__Description of the task__
Transcribe the records that follow. Keep every word exactly, and drop the pictures.

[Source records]
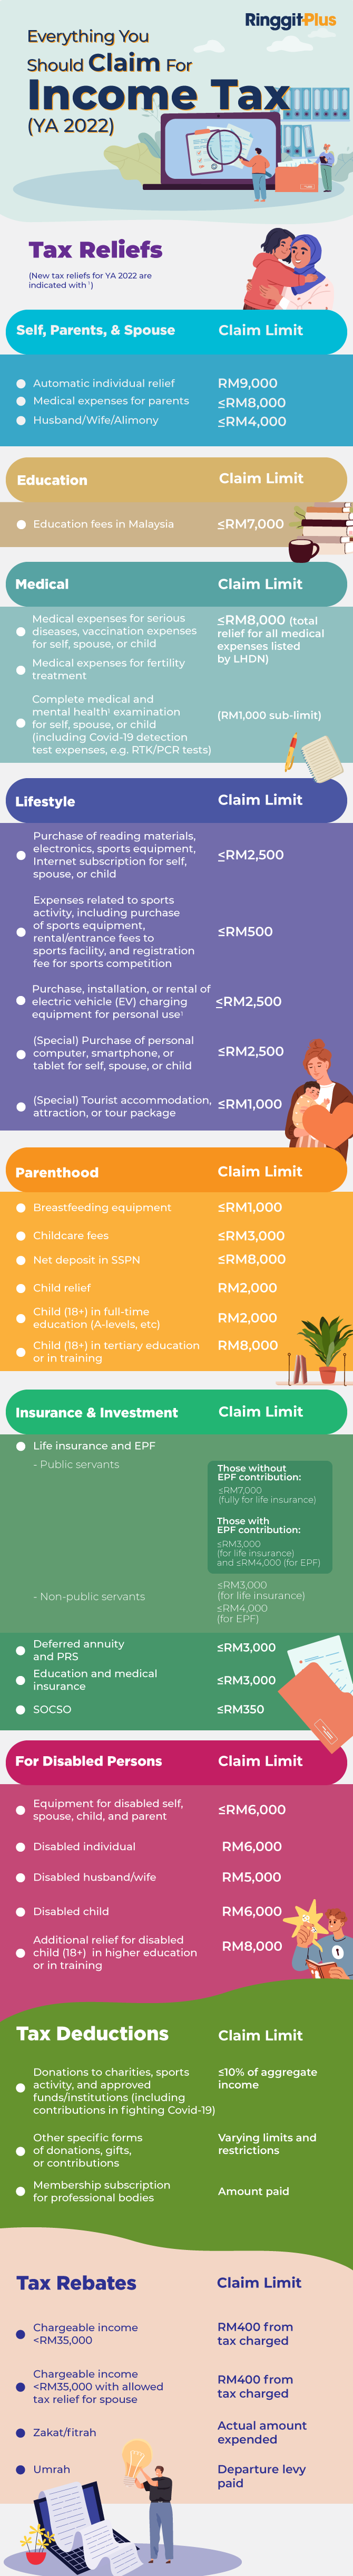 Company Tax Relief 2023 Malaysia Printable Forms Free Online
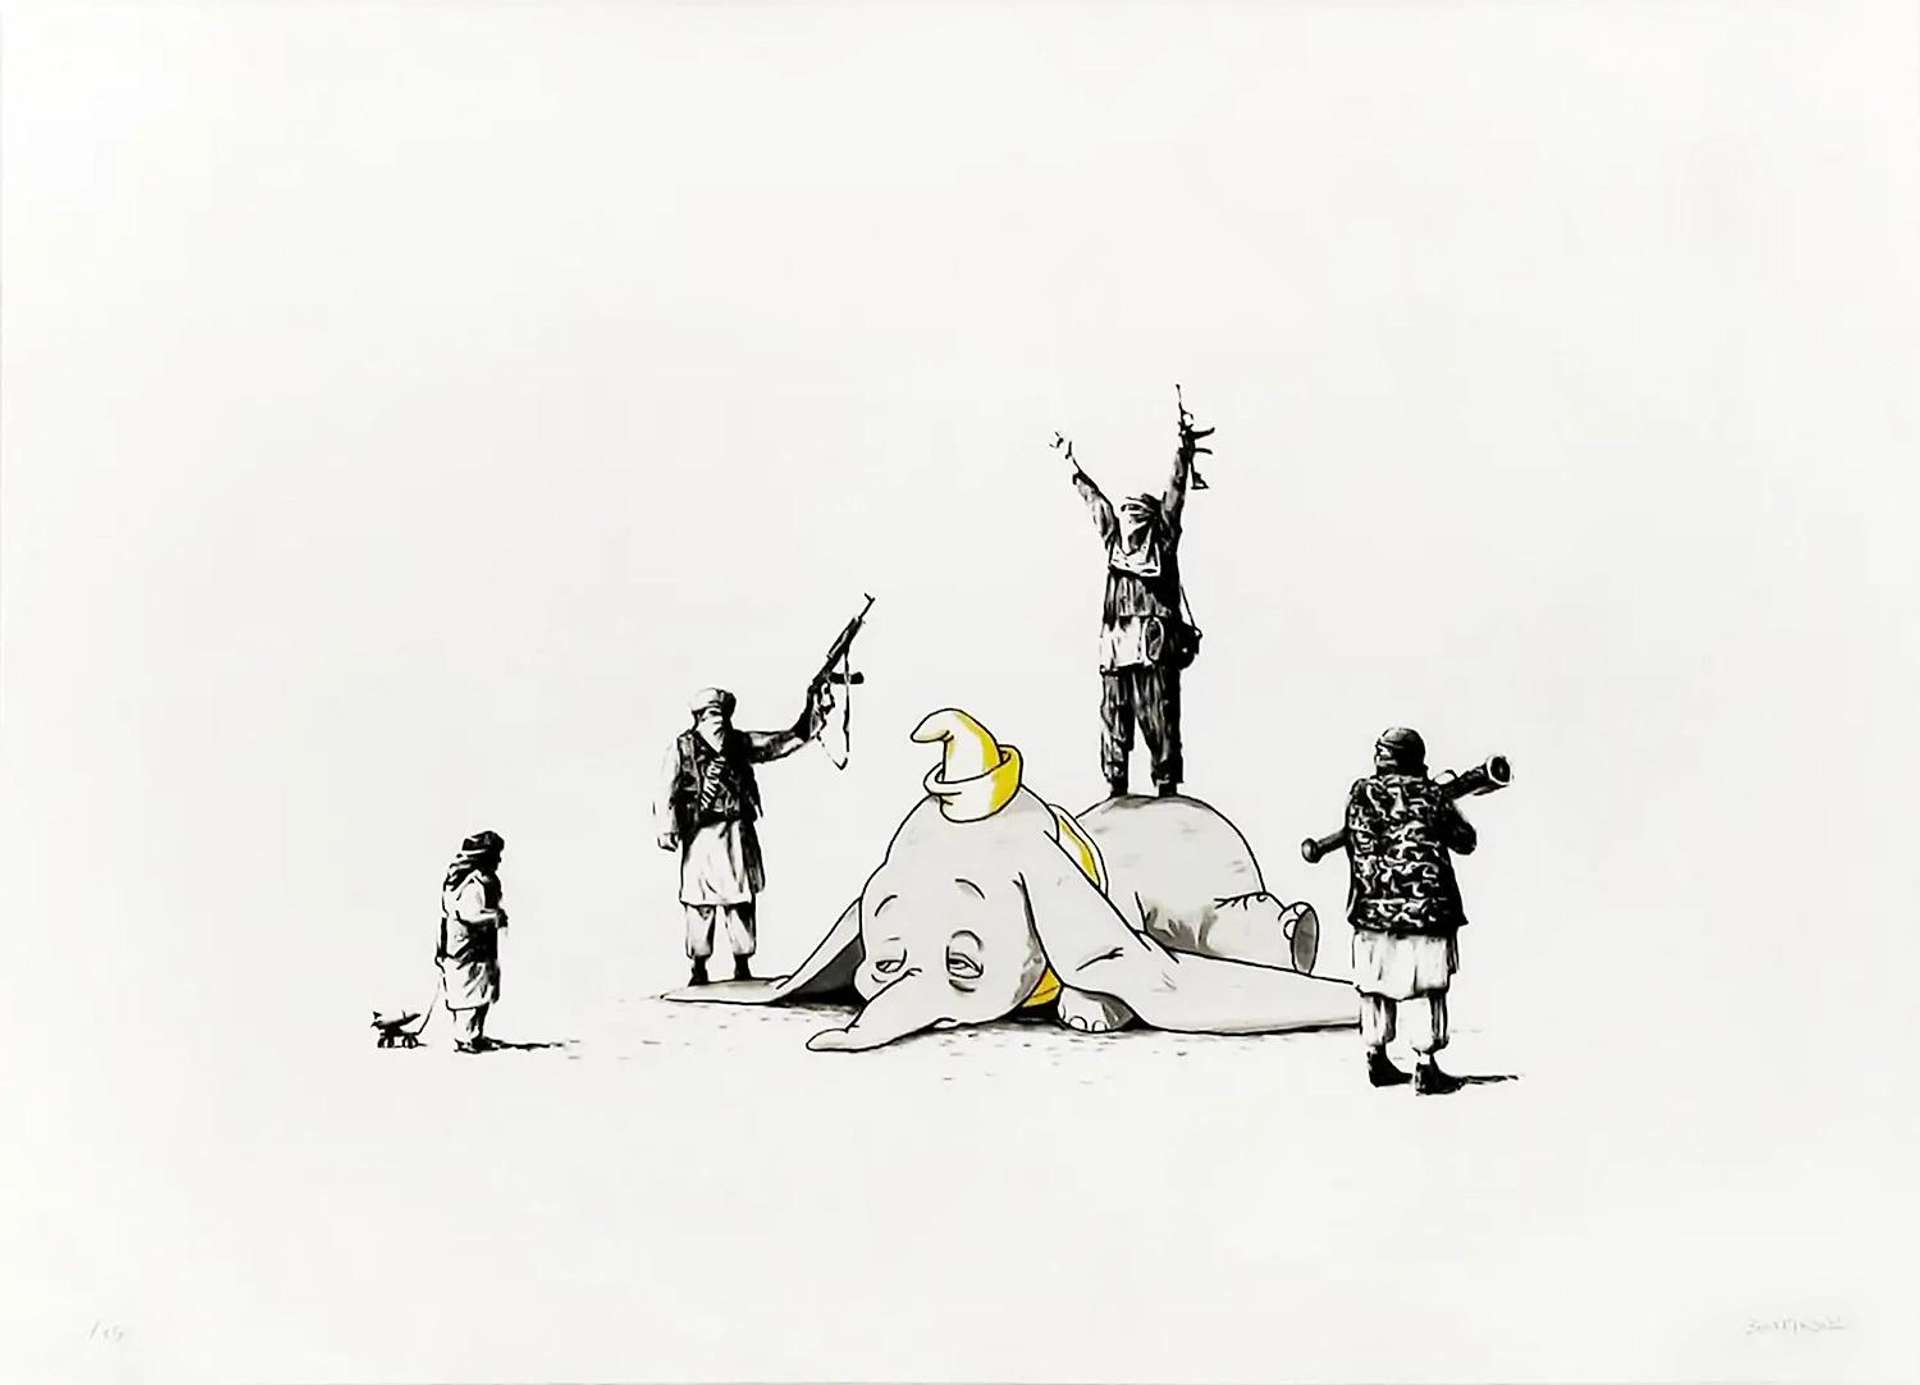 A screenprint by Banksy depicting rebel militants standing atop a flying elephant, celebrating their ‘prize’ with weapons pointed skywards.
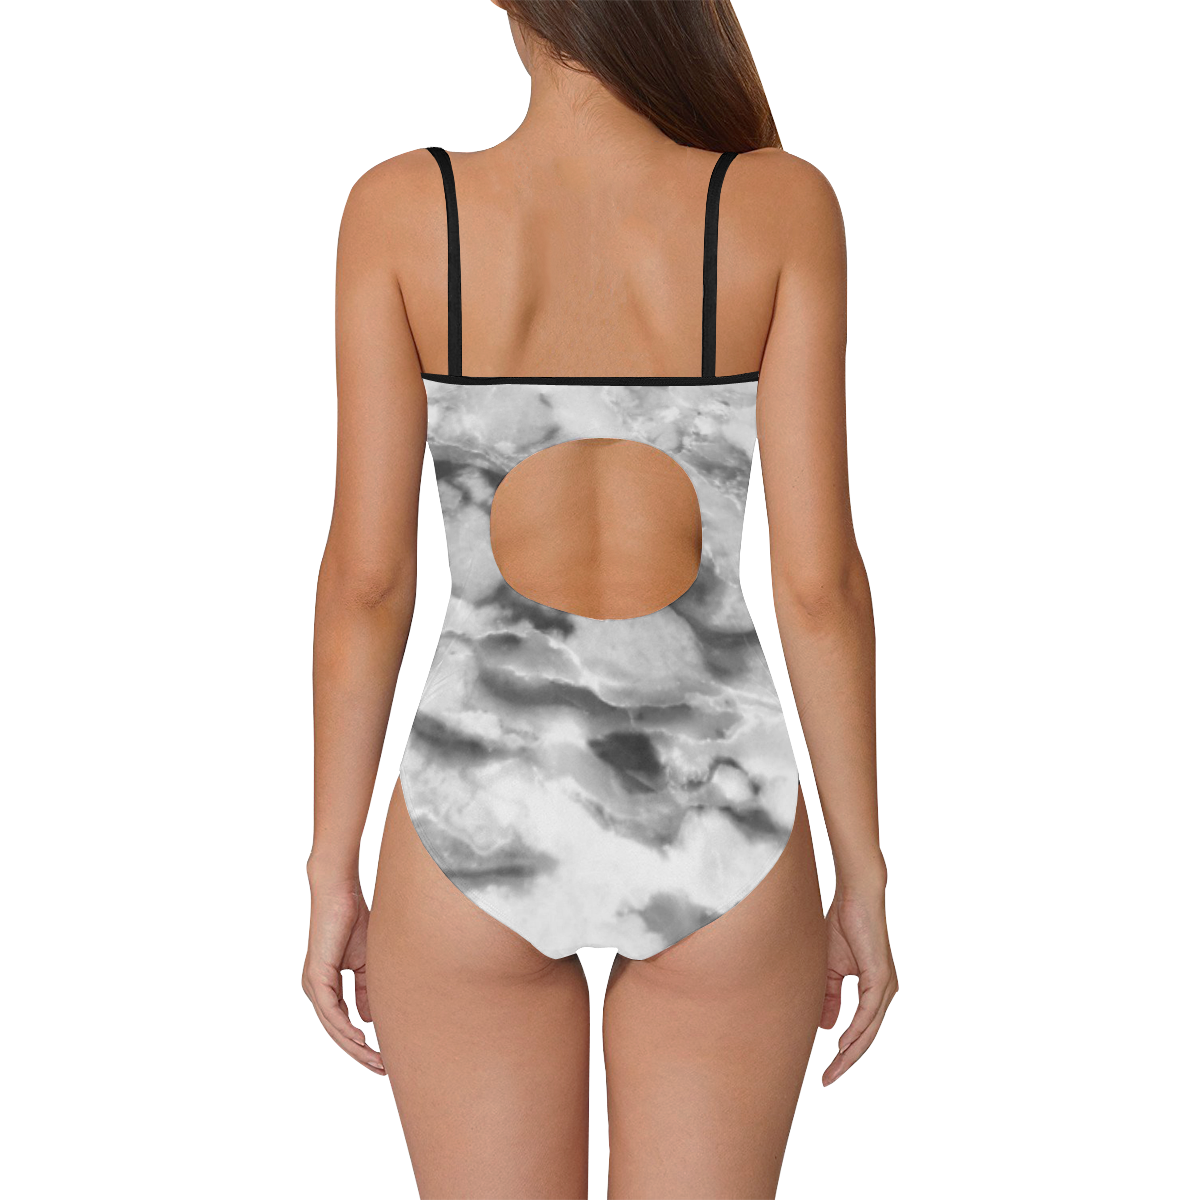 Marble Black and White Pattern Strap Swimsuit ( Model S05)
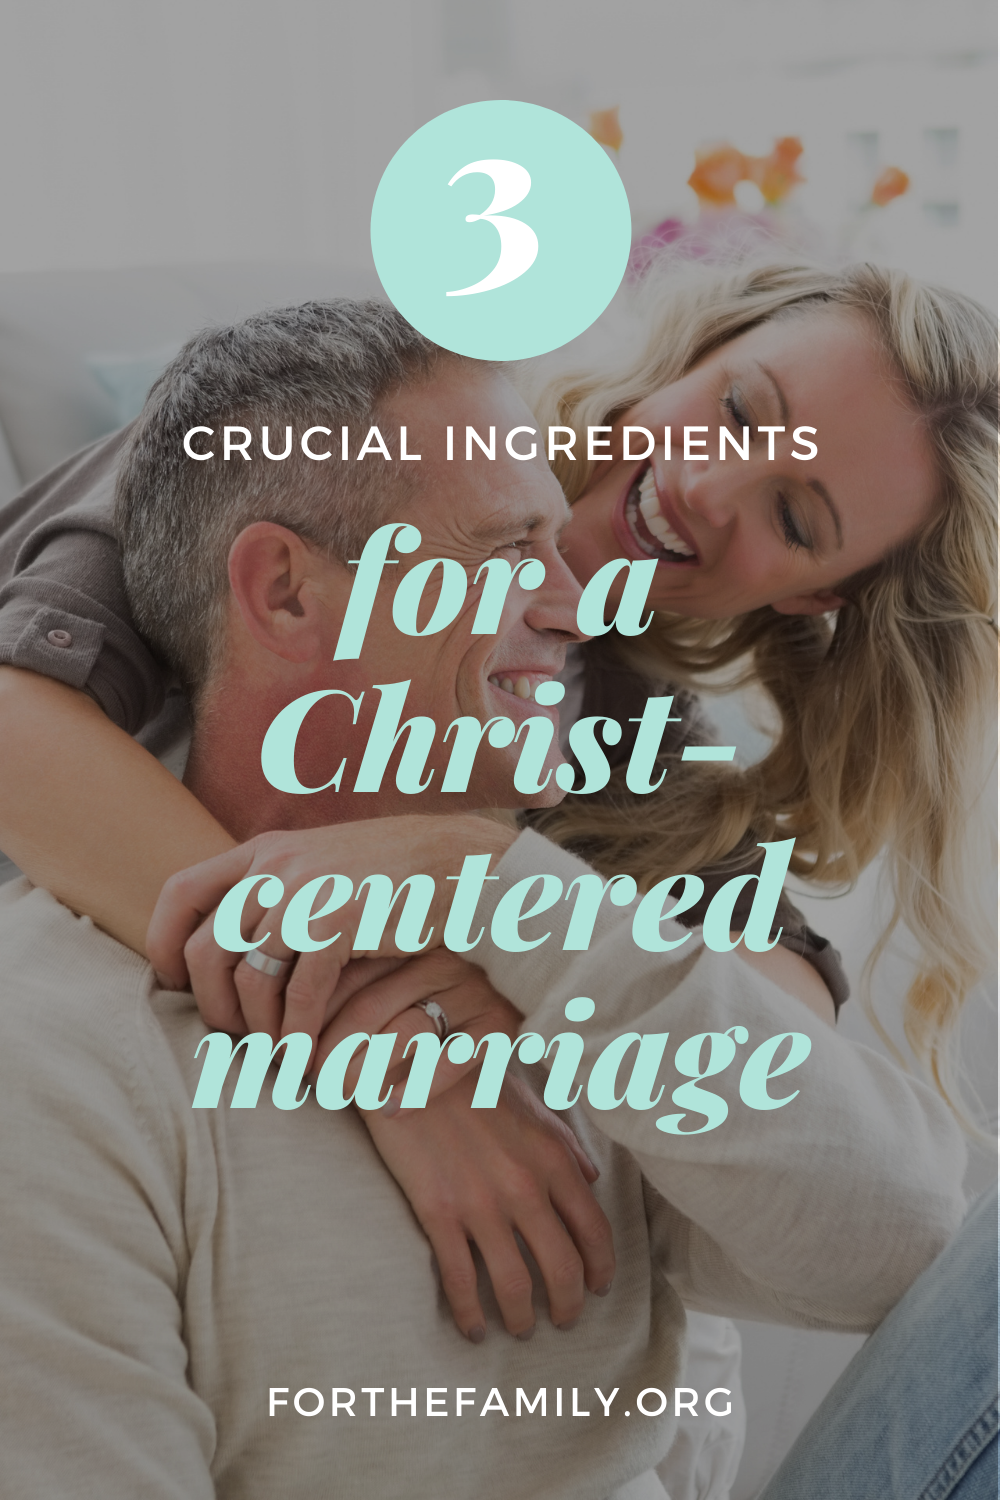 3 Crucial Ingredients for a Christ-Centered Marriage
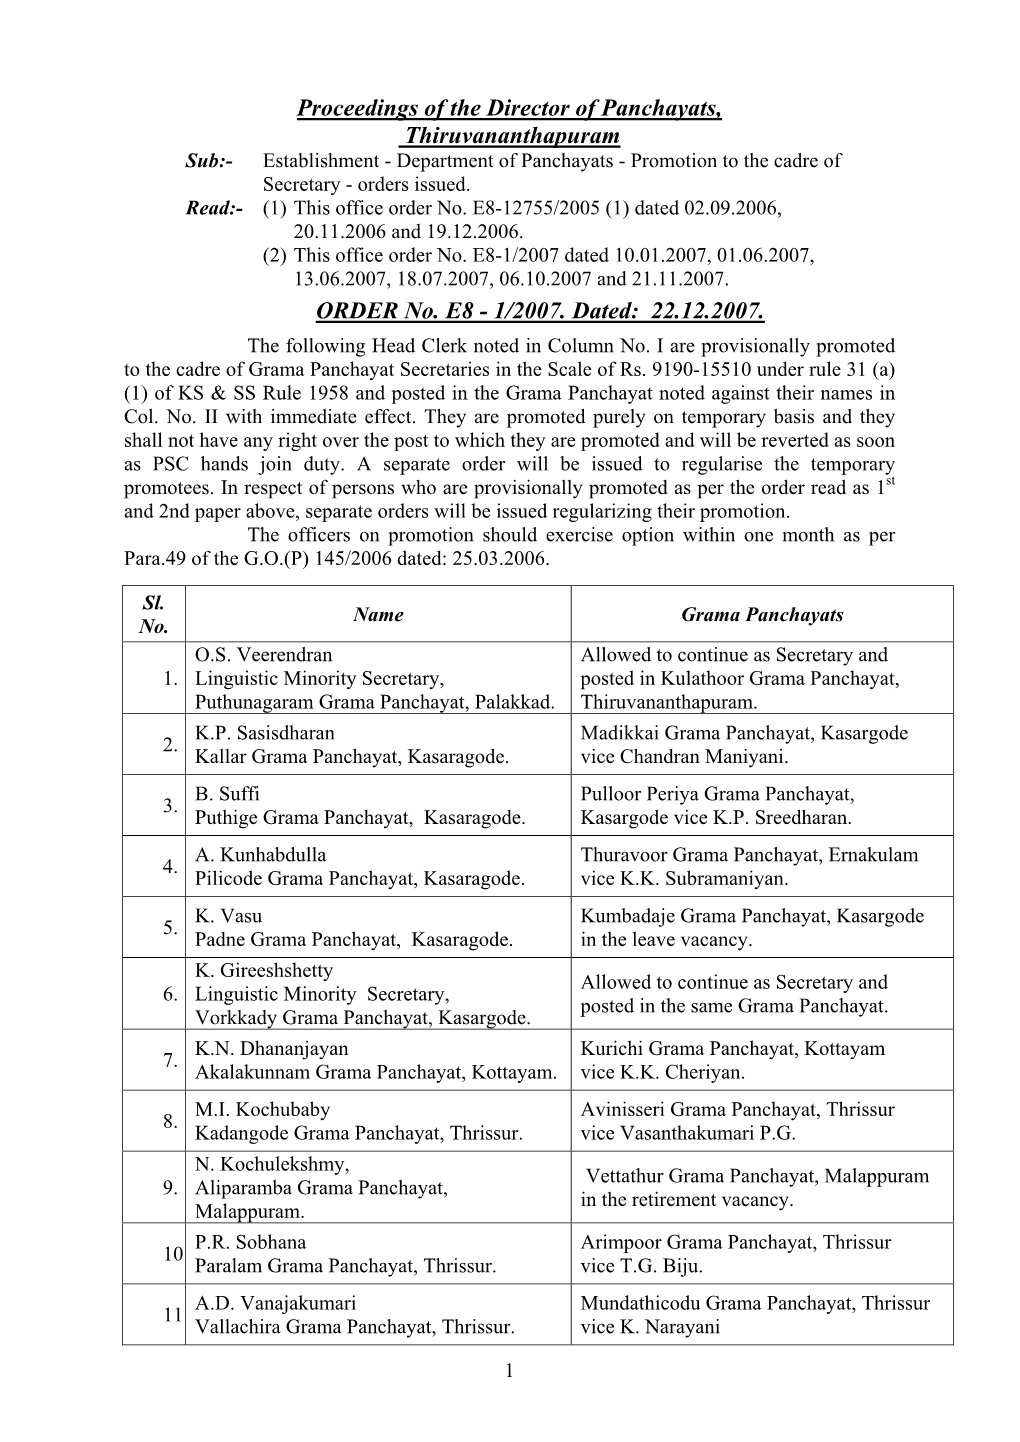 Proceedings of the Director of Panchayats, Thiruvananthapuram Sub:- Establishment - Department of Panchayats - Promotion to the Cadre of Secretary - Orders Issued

__Task response__
 Company Tax Relief 2023 Malaysia Printable Forms Free Online
 A screenprint by Banksy depicting rebel militants standing atop a flying elephant, celebrating their ‘prize’ with weapons pointed skywards.
 Marble Black and White Pattern Strap Swimsuit ( Model S05)
 3 Crucial Ingredients for a Christ-Centered Marriage
 Proceedings of the Director of Panchayats, Thiruvananthapuram Sub:- Establishment - Department of Panchayats - Promotion to the Cadre of Secretary - Orders Issued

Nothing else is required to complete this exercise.